J. B. S. Haldane's new book of essays, previously published in England under the title of "Keeping Cool," takes up scientific and social problems from a point of view which cannot allow any segregation of the two. Professor Haldane's career as a scientist has been remarkable, both in its scientific and non-scientific aspects; he gave aid to the Spanish Loyalist Government as a consultant in the problem of gas attacks, and as a lecturer in Britain; he has been a consistent fighter against Fascism, at home and abroad; and he is the last man of research who has resisted evacuation from University College, London.
The adventures of which he writes so well have a greater right to be styled "adventures" than most of the thrillers chronicled by Lancelots of the microscope. Professor Haldane has an honorable history as a guinea-pig, both his father's and his own. He has had more experience of chlorine than it is to be hoped that the reader ever will; he writes: "I . . . drank large amounts of various chemicals in solution, some of which have since been used in medicine, though generally in smaller doses than I took.
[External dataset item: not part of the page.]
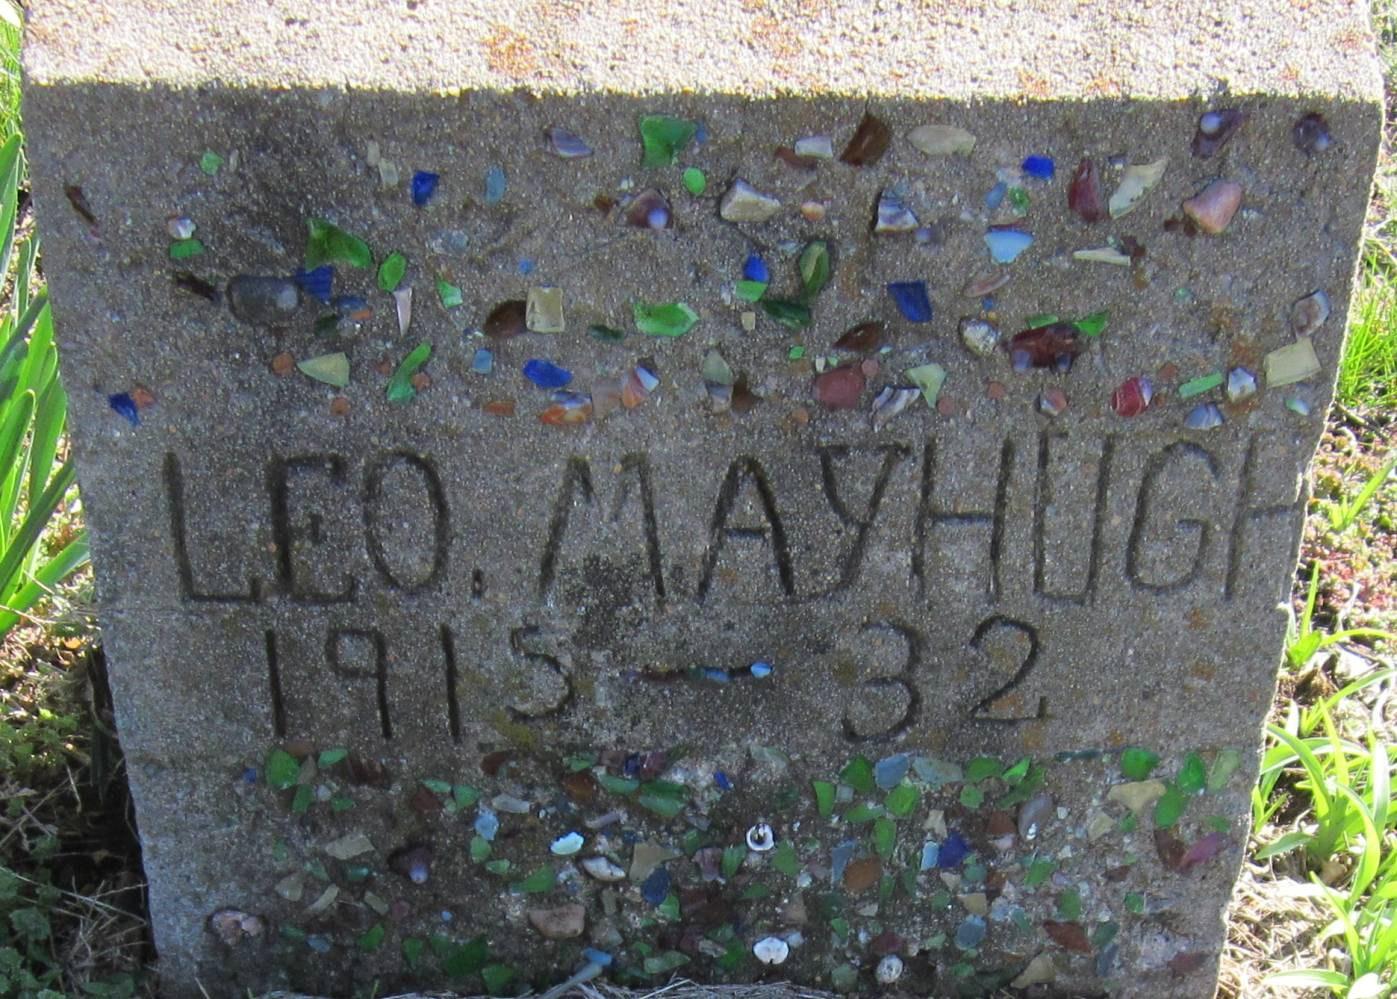 Ray E Mayhugh

I think I hold the record for the amounts of ammonium, calcium, and strontium chlorides which I have taken." In one essay, "After-effects of Exposure of Men to Carbon Dioxide," he reprints his Lancet article on an experiment he made in connection with the Thetis disaster. This study, as its author points out, has both stylistic and factual interest for the average reader.
The account of science's various unsolved problems is skillfully and intelligently presented; but of even greater interest are Professor Haldane's brief studies in politics, religion, Marxism and a philosophy of life. These bespeak a wisdom, sanity and deep humanitarianism form which his progressivism logically proceeds. And the latter without the former is useless.